## Listed entries
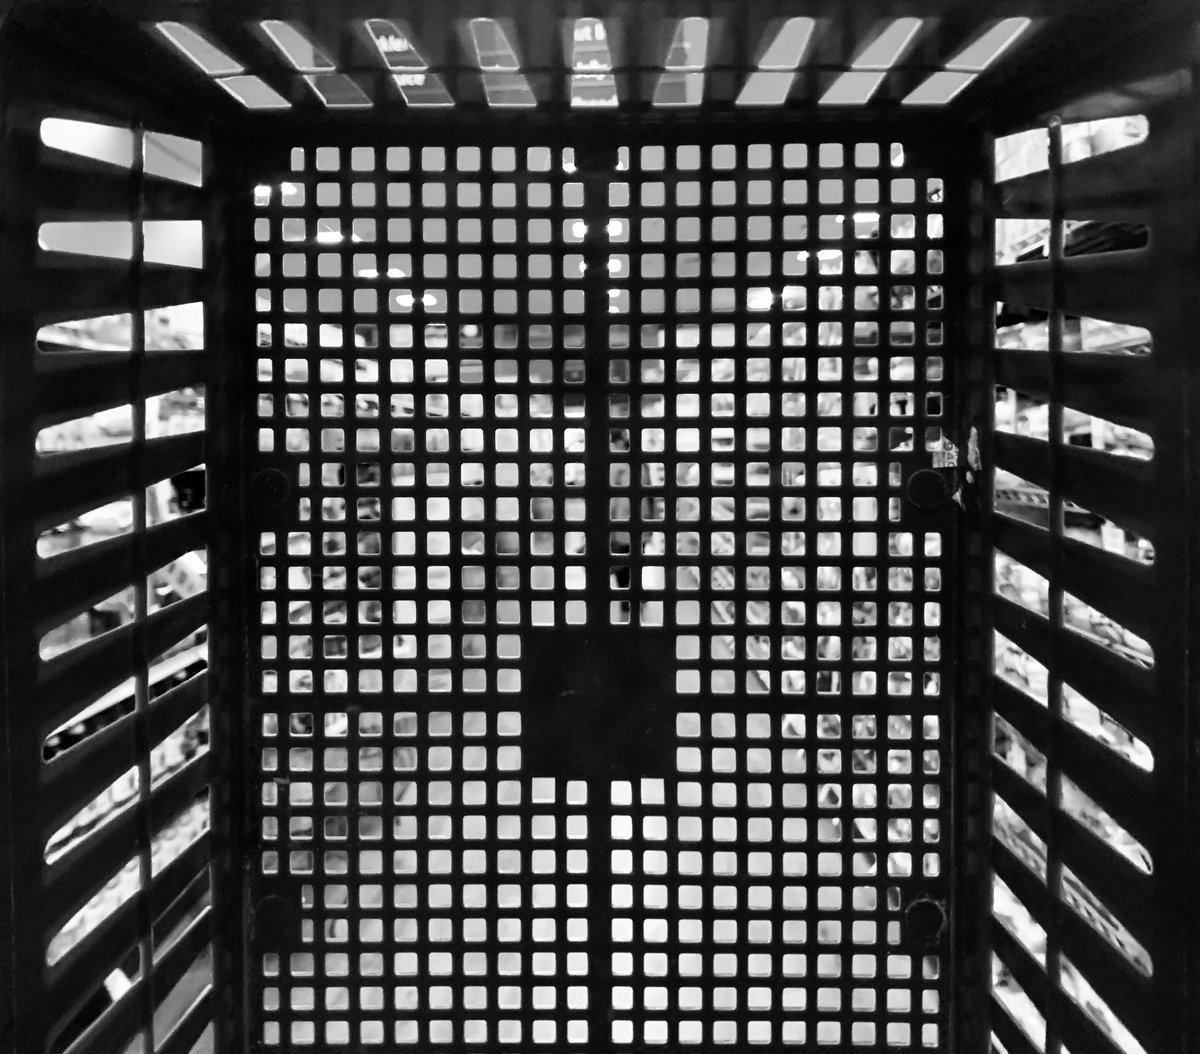 @kc_native_photo Basket Case
“Strange guy in aisle three”

Shopping Basket interior
Haggen’s Market
Bellingham, WA

#abstract #basket
#blackandwhitephotography 
#shotoniphone #photography
#abstractphotography
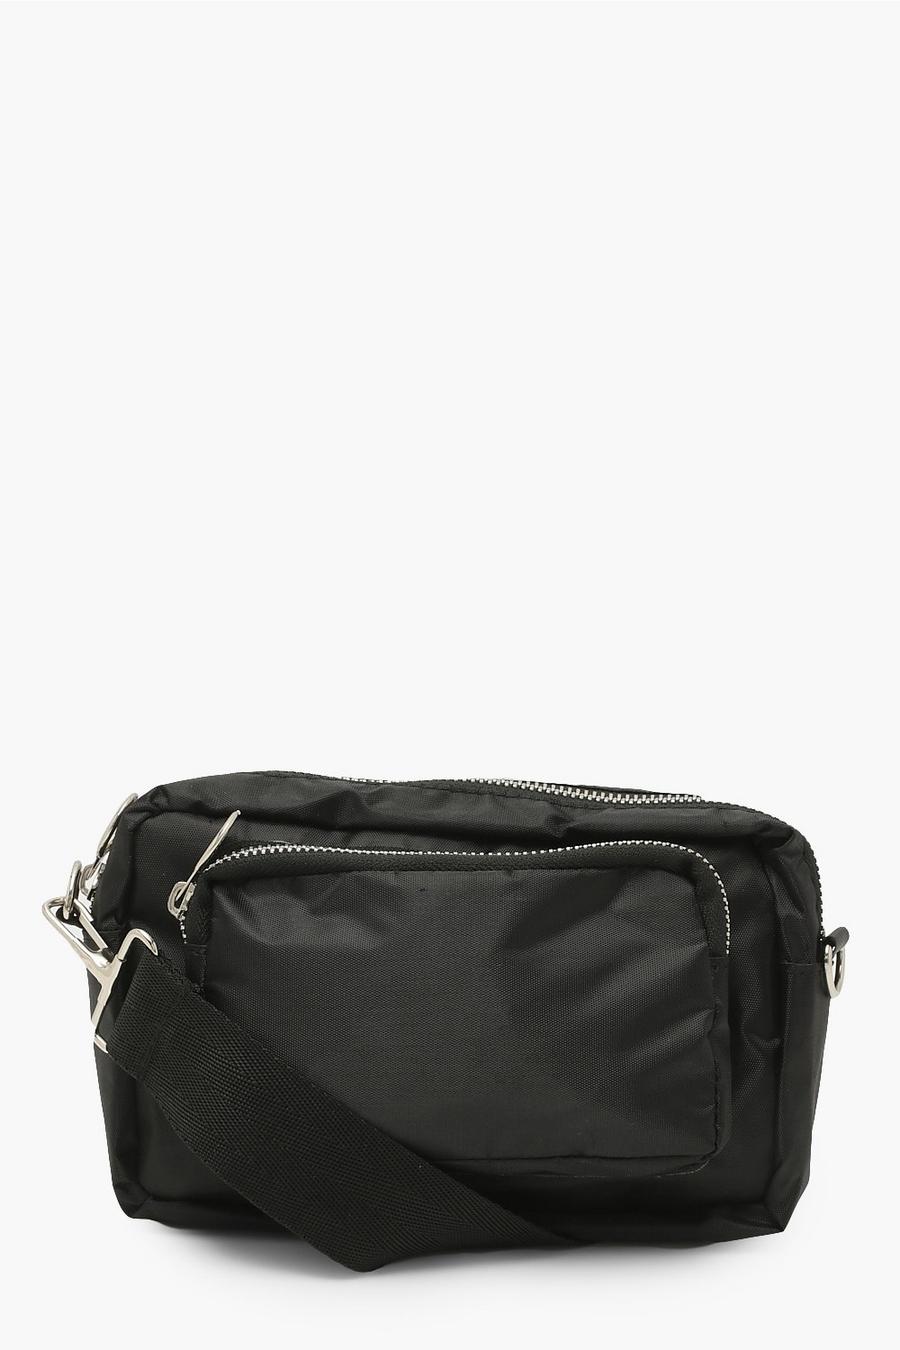 Black Nylon Zip Detail Cross Body Bag image number 1

## What is needed
Once the pictures are set aside, repeat each entry exactly as it stands.

## Output of the task
 @kc_native_photo Basket Case
“Strange guy in aisle three”

Shopping Basket interior
Haggen’s Market
Bellingham, WA

#abstract #basket
#blackandwhitephotography 
#shotoniphone #photography
#abstractphotography
 Black Nylon Zip Detail Cross Body Bag image number 1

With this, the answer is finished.